CEO of the NHFC Samson Moraba said the establishment of the Housing Finance Forum stemmed from a need for vibrant debate among housing finance practitioners to realise models that are tailored to suit the South African low-income housing market.

“The challenge for those in the housing finance sector is to adopt global best practice in our country’s emerging market, while taking cognisance of our unique local features.

“Through open discussion and debate, we will be able to attain creative solutions for sustainable low-income housing finance models,” Moraba explained.

The forum deliberated whether the mortgage instrument was relevant to low-cost housing.

Simon Stockley, CEO of South African Home Loans, argued that the housing finance sector should not focus on the mortgage instrument in itself, but on the funding mechanisms underpinning it.
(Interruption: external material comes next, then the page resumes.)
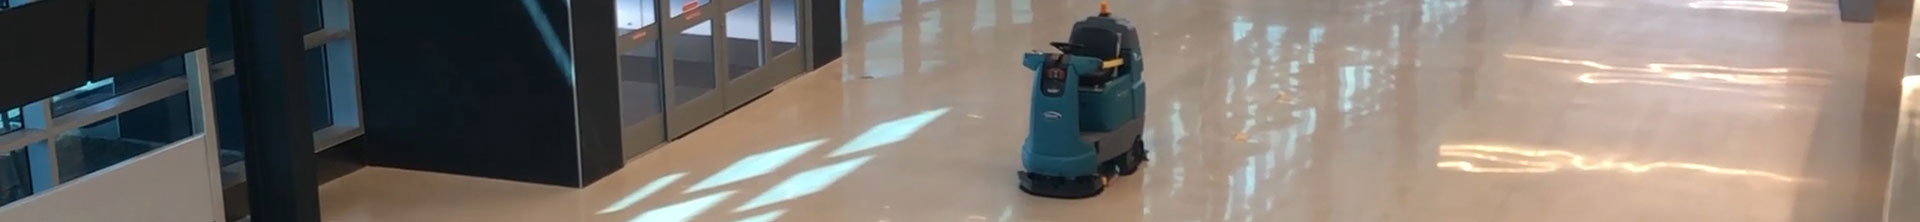 La restregadora robotizada de pisos T7AMR limpiando el aeropuerto

“The mortgage product has relevance only in relation to mature, as opposed to emerging, markets,” said Stockley.

He explained that a mortgage bond is essentially a highly-sophisticated product, which also comes at relatively high costs.

“I believe that the lower-income market requires a slightly more innovative mechanism, which is currently unavailable in the South African market, because there is lack of competition in the mortgage market,” he added.

He pointed out that, currently, competition between mortgage products is restricted, as four big banks are monopolising the market.

After researching alternative funding mechanisms, Stockley and an association of venture capitalists established South African Homeloans, the first discount home loan specialist in the country, which uses the securitisation model to raise capital.

“We assemble parts of mortgage loans and sell off income from mortgage loans directly into the capital market. The securitisation model has been highly successful for us, since we have managed to grow our market share from zero to 7% per month, within a space of four years,” he explained.

David Porteous, head of Finmark Trust, a nongovernmental organisation aimed at making financial markets work for the poor through the sustainable expansion of access to financial services, including housing finance, said there has been a swing from the mortgage to the nonmortgage model, and added that there should be a middle ground between the two models to serve the needs of the low-income market.

“There is always room for nonmortgage products, but mortgage has relevance because it is the only way to answer the affordability question in a sustainable fashion,” he said.